1年間で100万トンの魚が廃棄 食べられるのに捨てられる魚「未利用魚」の実態
食育日本料理家の梛木春幸さんが、上柳昌彦アナウンサーがパーソナリティを務める、ラジオ番組「上柳昌彦 あさぼらけ」内コーナー『食は生きる力 今朝も元気にいただきます』(ニッポン放送 毎週月・金曜 朝5時25分頃)にゲスト出演。捨てられてしまう魚「未利用魚」の実態や、これを生かした取り組みについて語った。

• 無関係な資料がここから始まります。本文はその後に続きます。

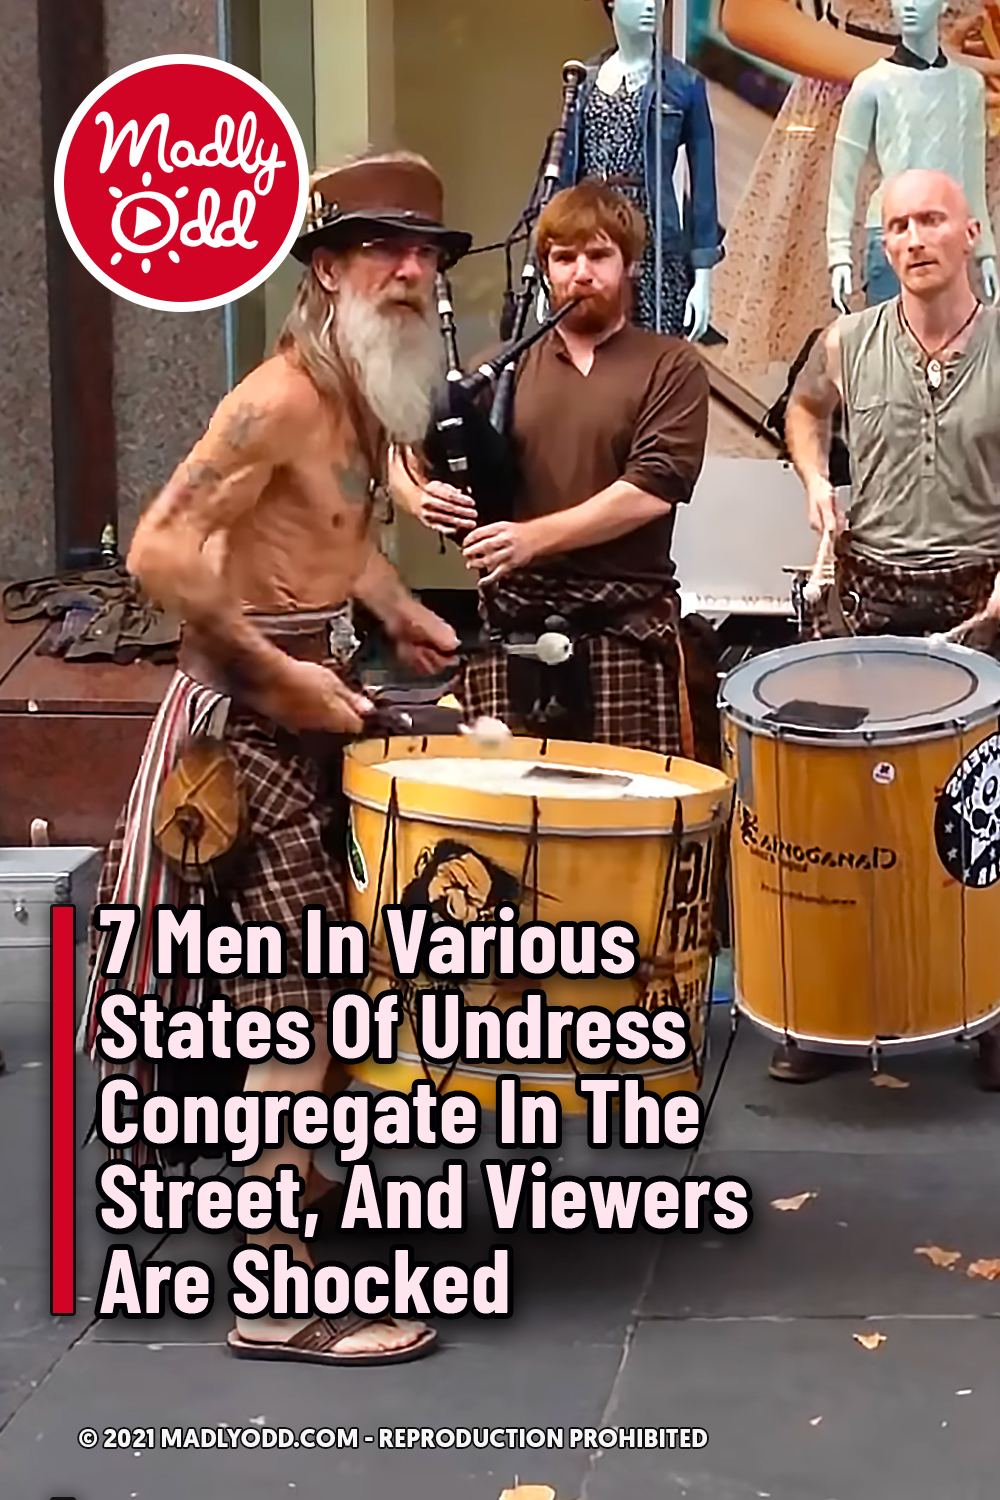 7 Men In Various States Of Undress Congregate In The Street, And Viewers Are Shocked

梛木さんは食育の講演活動、商品開発、地域活性化事業、仕出し、料理プロデュースなどを行い、日本各地の自治体、企業、小中高等学校等で年間200以上の講演活動をしているほか、フランス、韓国、シンガポールなど海外でも各種のイベントを開催。未利用魚を地元・桜島の火山灰を利用して干物にした「桜島灰干し弁当」もプロデュースし、販売を開始した当初から売り上げ1位を記録して大人気だ。
食べられるのに捨てられる魚「未利用魚」
上柳:梛木さんの著書『捨てられる魚たち ―「未利用魚」から生まれた奇跡の灰干し弁当ものがたり―』(講談社)を読んで、利用しない魚“未利用魚”という言葉を私は初めて知りまして。本を開きますと、主な未利用魚の一覧がイラスト入りで書いてありますね。「ミノカサゴ」「アカエイ」「ツバメウオ」「ウツボ」などなど。 例えば、「ミノカサゴ」は釣りへ行くと「毒があるからダメだ~。食べられないな」ってなりますよね。 梛木さん:そうですね、毒を持っていますからね。ですが、毒をきれいに取って食べるとおいしいです。 上柳:「アカエイ」は水族館でよく見かけますが……。 梛木さん:アカエイもおいしいんですよ。 上柳:「ツバメウオ」は熱帯魚で、どうしても観賞用だと思ってしまいますよね。 梛木さん:そうですよね、でも白身魚でおいしいんですよ。 上柳:「ウツボ」も食べられるそうですね。 梛木さん:ウツボは和歌山県とか、実際に食べられている地域がありますね。 上柳:こういった魚を漁師さんが釣ってしまうと、捨てているそうですが、その捨てる量がものすごいらしいですね。 梛木さん:はい、もの凄いです。もちろん港によって違いますけど、大体5割~6割は、消費者のみなさんが名前を知らない魚なんです。そうすると、名前を知らないから売れない、売れないから根が下がる。箱代や氷代で赤字になってしまうから、捨てられてしまうんです。 上柳:現状、3割は廃棄されているということで。2022年の日本で、養殖を除く漁獲量、つまり漁師さんが取ったお魚ですが、およそ300万トンで、3割が捨てられているということは、100万トンの魚は捨てられているということですね。だけど実はこの捨てられている魚はちゃんと調理をすれば食べられますよ、ということを本の中で書かれていましたね。 漁師さんが魚を一生懸命取ってくださるんですが、食卓に上がることなく、魚屋さんに行くこともなく、また豊洲市場に行くこともなく、その場で捨てられていると。いろんな理由があると思うんですが、梛木さんはどのようにお考えですか? 梛木さん:まずは、見た目の悪さですよね。 上柳:深海魚系とか、目玉がやたらと大きいとかですかね。例えば「オオメハタ」は目玉がバーンと出ていて流通しにくいそうですが、食べるとアカムツ(ノドグロ)と似ていておいしいそうですね。 梛木さん:見た目のほかにも、ヒレに毒を持っているとか。身に毒はないんですけどね。